Testing for Heteroskedasticity¶
The two dominant heteroskedasticity tests are the White test and the Cook-Weisberg (both Breusch Pagan tests). The White test is particularly useful if you believe the error variances have a potentially non-linear relationship with model covariates. For stata, we need to make sure the basic OLS regression (rather than robust) is run just prior to these commands and then we can use:
%%stata
quietly regress ln_wage educ pexp pexp2 broken_home
imtest, white
. quietly regress ln_wage educ pexp pexp2 broken_home
. imtest, white
White's test
H0: Homoskedasticity
Ha: Unrestricted heteroskedasticity
chi2(12) = 29.20
Prob > chi2 = 0.0037
Cameron & Trivedi's decomposition of IM-test
--------------------------------------------------
Source | chi2 df p
---------------------+----------------------------
Heteroskedasticity | 29.20 12 0.0037
Skewness | 14.14 4 0.0068
Kurtosis | 16.19 1 0.0001
---------------------+----------------------------
Total | 59.53 17 0.0000
--------------------------------------------------
.
Stata
’s imtest
allows you to specify more esoteric forms of
heteroskedasticity.
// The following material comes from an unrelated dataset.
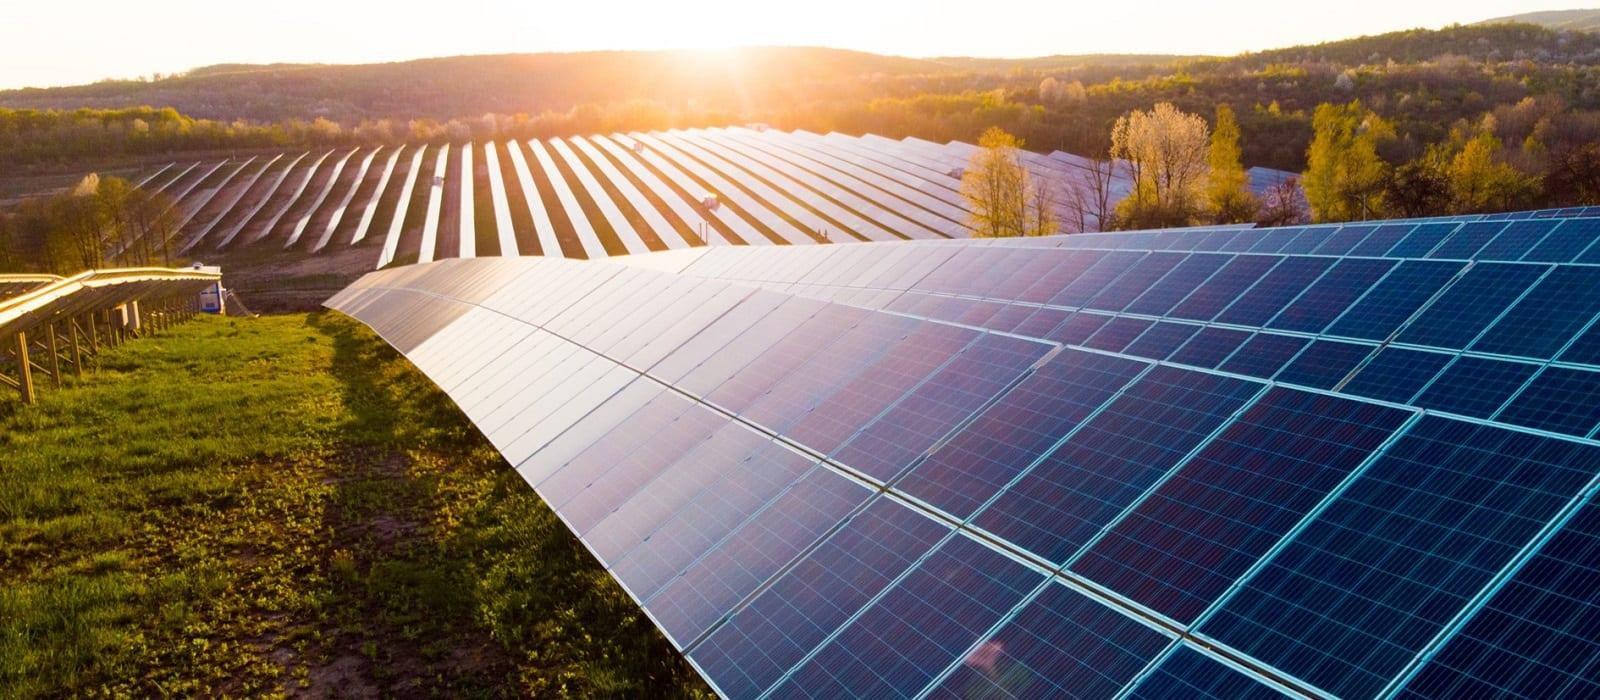 green-energy-bonds-cbi-climate-renewable
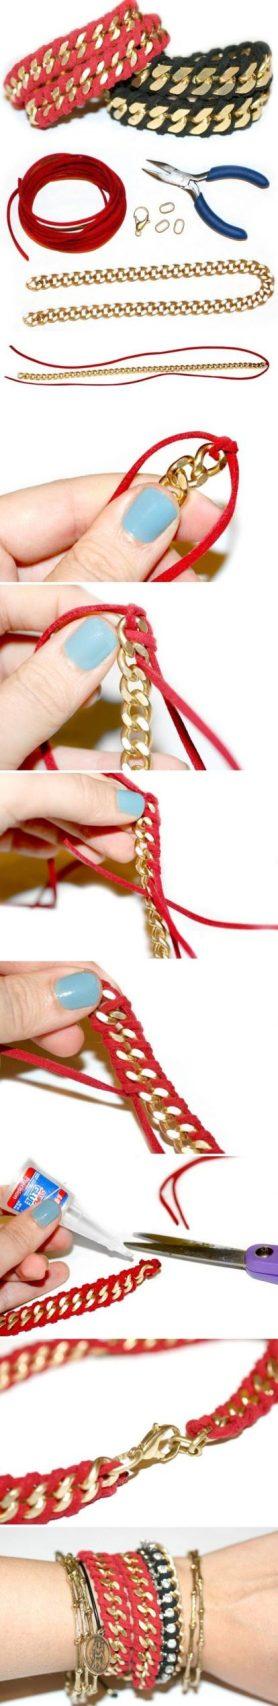 pulseras cadenas bracelets chains jewelry

A more basic test outlined in Testing for Heteroskedasticity, that assumes
heteroskedastity is a linear function of the \(\mathbf{x}\)’s- is the
Cook-Weisberg Breusch Pagan test. In Stata, we use
%%stata
hettest
Breusch–Pagan/Cook–Weisberg test for heteroskedasticity
Assumption: Normal error terms
Variable: Fitted values of ln_wage
H0: Constant variance
chi2(1) = 19.57
Prob > chi2 = 0.0000
- 1
As pointed out in Greene, one additional condition is necessary to ensure that we have minimized the sum of square distances for our sample. Our first order condition finds either a minimum or maximum sum of squares distances, to ensure a minimum, \(\frac{\partial{S}}{\partial{\mathbf{b}}\partial{\mathbf{b'}}}\) must be a positive definite matrix. This is the matrix analog to ensure that the function is convex with respect to changes in the parameters. Green shows that this is indeed the case so we can safely ignore checking for this condition.
- 2
A stronger version of the test, termed White’s Test is preferred to the Breusch-Pagan Cook Weissberg test shown here. See the companion document for more information.
- 3
It is important to note that Stata scales each element of \(\hat{V}\) by \(\frac{N}{N-k}\) to reduce the bias of the estimated variance covariance matrix for small sample corrections.
- 4
Stata scales \(\mathbf{\hat{V}}_{cluster}\) by \(\frac{M}{M-1}\frac{N-1}{N-K}\) for small sample corrections when calculating standard errors.